A Seventh Southern Black Church Following the Charleston Shooting Has Burned Down

A fire has destroyed the prominent Mount Zion African Methodist Episcopal Church in Greeneyville, South Carolina.

UPDATE: It is suspected the fire was caused by lightning strikes.

Although there is no evidence of arson, the church is the seventh place of worship serving the black community to burn down since the deadly attack on Emanuel African Methodist Episcopal Church in nearby Charleston, the Huffington Post reports.

Six of the fires during the past two weeks have occurred in Southern states, and three of these have been confirmed as arson. The other three are under investigation.

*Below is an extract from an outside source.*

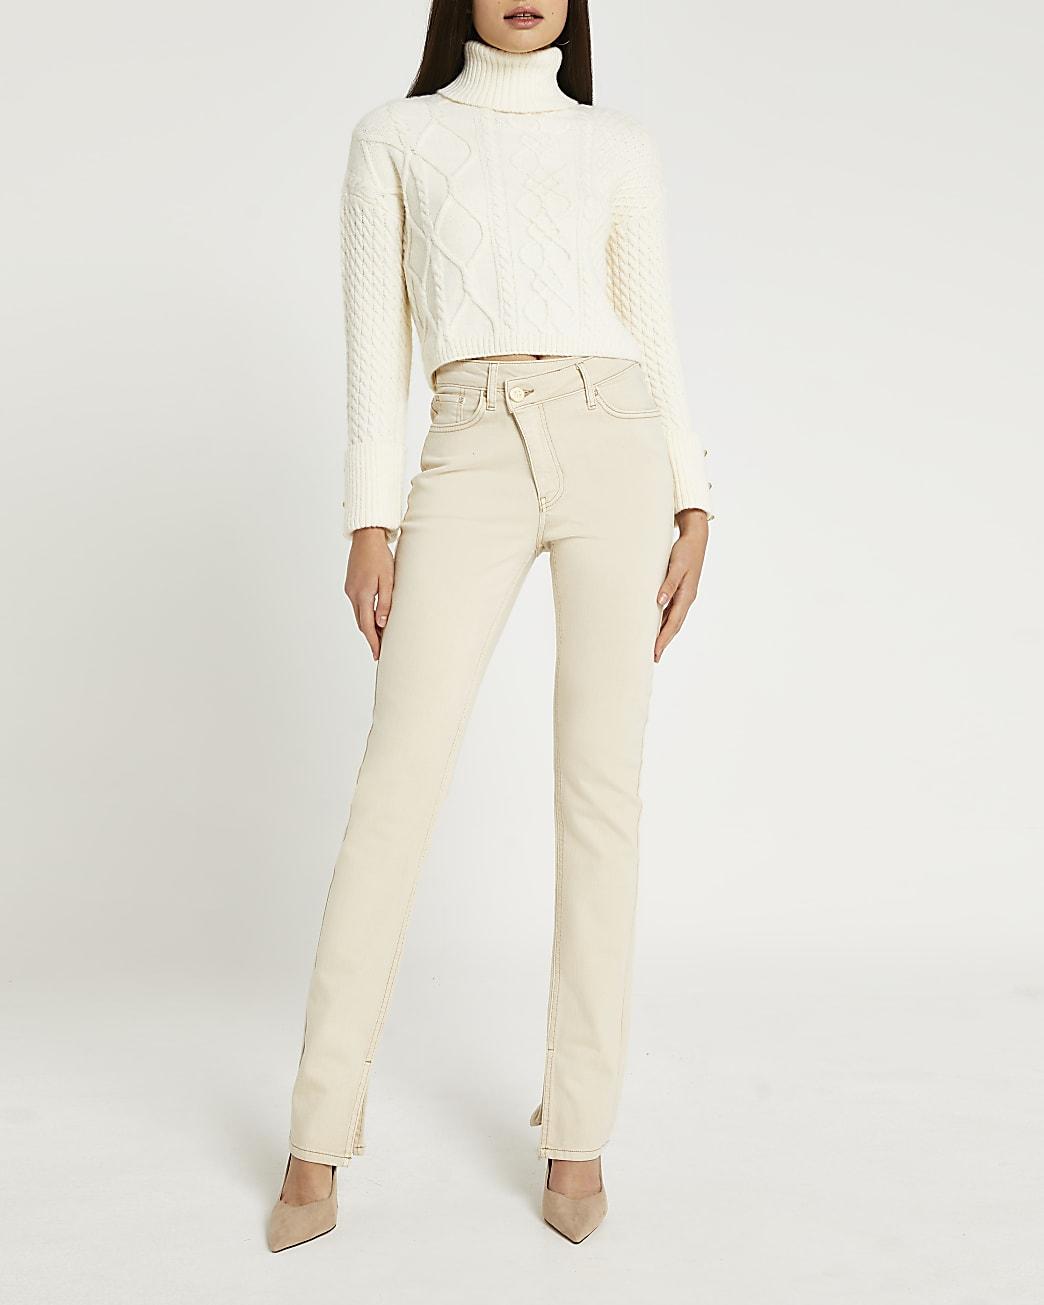 Ecru high waisted straight jeans

The fire took place on Tuesday night, and eventually the building collapsed. Federal authorities joined local officials on the scene. According to Mark Keel, chief of the South Carolina Law Enforcement Division, lightning could have been the cause as thunder storms had recently passed through the area.

Greeneyville’s Mount Zion African Methodist Episcopal Church was burned down by arsonists twenty years ago in 1995. The perpetrators had ties to the Ku Klux Klan as former members. President Bill Clinton attended the dedication the new church – which now burned down – in 1996.

United States has a long history of racially-motivated attacks on black churches. President Barack Obama addressed darker parts of the American history in his emotional eulogy last Friday by saying that the attack in Charleston “was an act that drew on a long history of bombs and arson and shots fired at churches, not random, but as a means of control, a way to terrorize and oppress.”